Journal 2 - Haunted Houses Part 1
Do you remember your first Haunted House experience? Mayor Stendahl sure does!
Journal 2 - Haunted Houses Part 1
One of the earliest Halloween memories I have as a child was visiting a haunted house around the age of 4. It was night time on a crisp October day in Michigan. The leaves were at the perfect time of “in-between” – in between casting the deepest of orange, yellow, and red hues, dangling on the waves of breezes that summoned grey clouds and howling blackness, and their last days dancing upon those same wicked winds through the airs of energy and danger, dried and prickly from dying during the greatest of their days. The perfect time of fall when there are the most moving of pictures before your eyes while at the same time you step on the victims of lost and forgotten art movements.
I could hear the screams of both teenage girl attendees and of hidden monsters that lurked behind the ominous ticket booth. The old house was purposefully transformed each autumn to attract guest for 6 weekends in a row, then left to recover for the rest of the year from the terrors that filled its halls and rooms in such quick fashion. Houses are no different from humans, as we too resonate for decades after fast-acting violence enters our vacant spaces and a few brutal words vibrate within our empty ear canals for split seconds. I often wonder these days of why overt kindness does not linger within for as long. Remembering those who have reached out their hands in time of trouble and need is a forced action, an action that requires the memory bearer to push and clear the neural pathway between neurons of fondness like a salt truck in the middle of a Michigan winter. Yet on the other hand, to remember the times of violence, force, and brutality only requires an opening of the eyes or a brush with familiar color and space.

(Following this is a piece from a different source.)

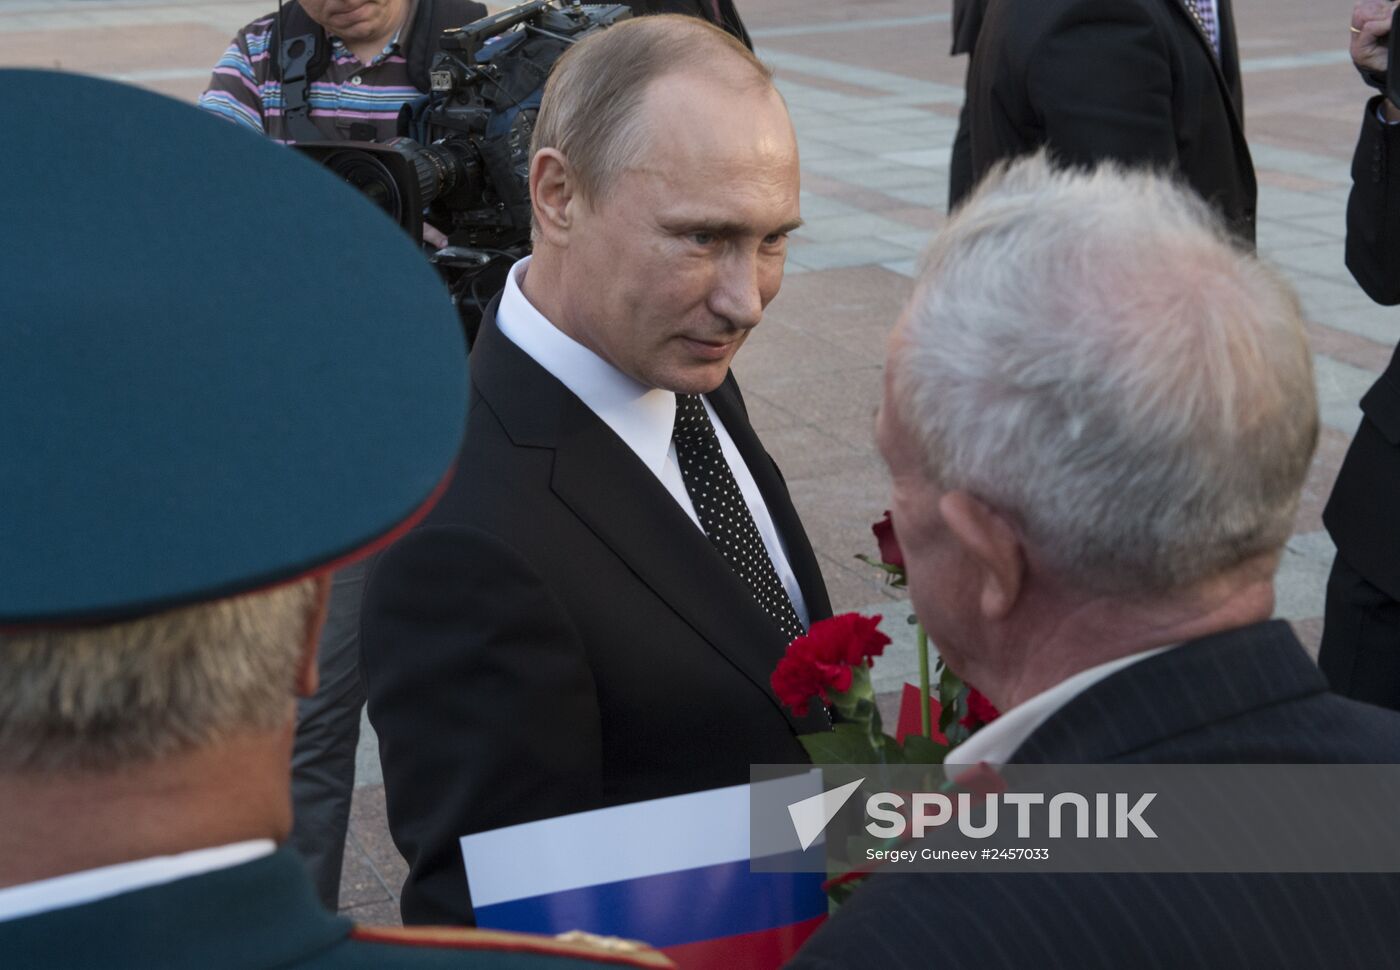 Vladimir Putin's visit to Belarus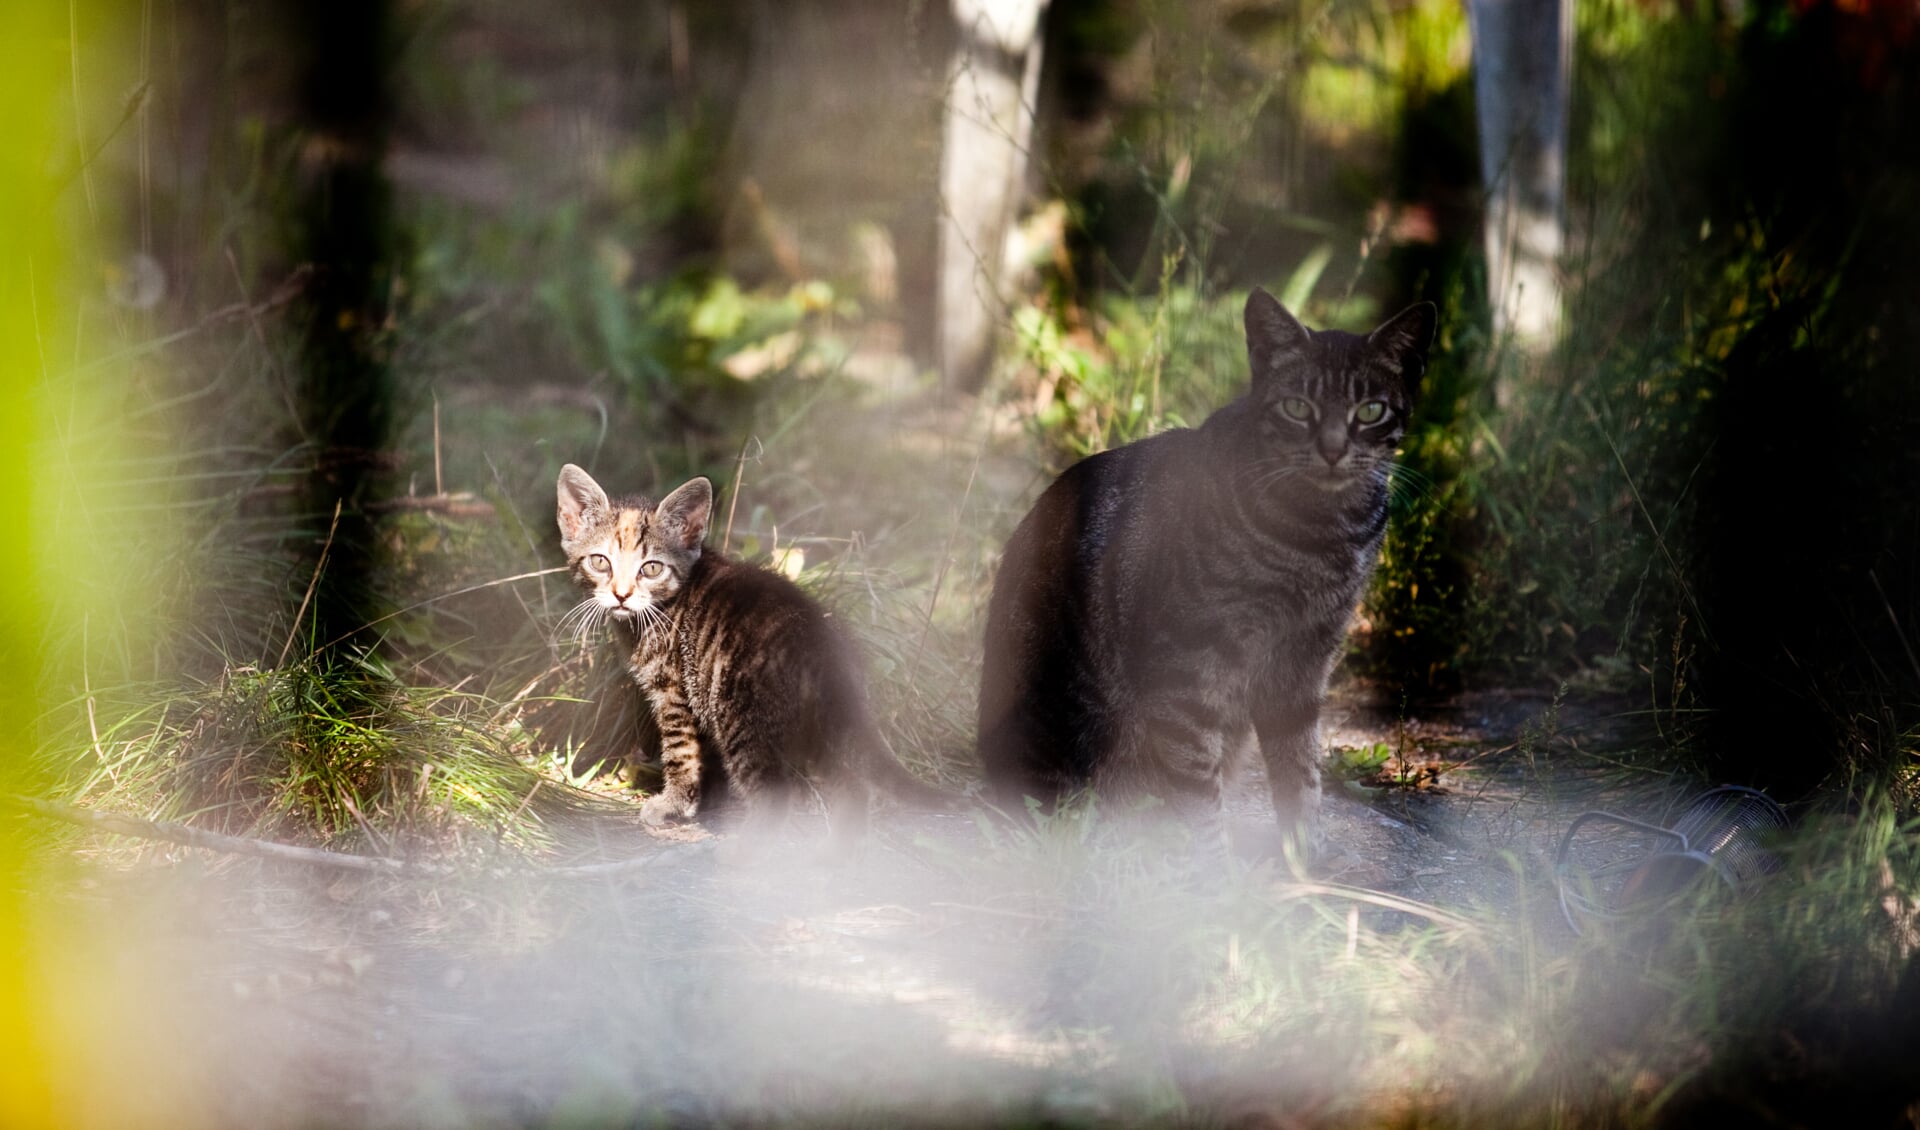 Verwilderde katten in een tuin aan de Aetsveldselaan

And the color and space of this haunted house was too much for my young mind and heart to take. Waiting in line with my older cousin and my father, I could read their faces as they glanced down at me to see if I would move forward with this ominous endeavor or turn and run. I went with the latter choice, though with finesse. Gazing upward, I just shook my head “No”, too outnumbered by the echoes of screams to even try to say the actual word. As my father turned back onto the road to head to the safety of home, I remember looking out the back window, feeling as though I had said “No” when it probably wasn’t going to be that bad. I felt as though I had given up on my passion and calling for the first time, which I indeed recall as my premiere denial of my being and identity. It would not be the last, despite my cousin whispering to me, “You will get it next time.” In fact, I know now that if I would have shook my head the opposite direction, it would have been the shining moment that would have not only started me on the road earlier to my infatuation with the glorious holiday, but would have also given me further confidence in who I truly was as a writer, a poet, an artist, a radio station manager dedicated to the macabre, and a real-life monster that would soon make the echoes of screams ring through dead air by my own actions. So, it seems I would eventually “get it”, right O’ all-knowing reader? “You will get it next time,” and the Demon smiles.
Goodnight to all of you, no matter where you are!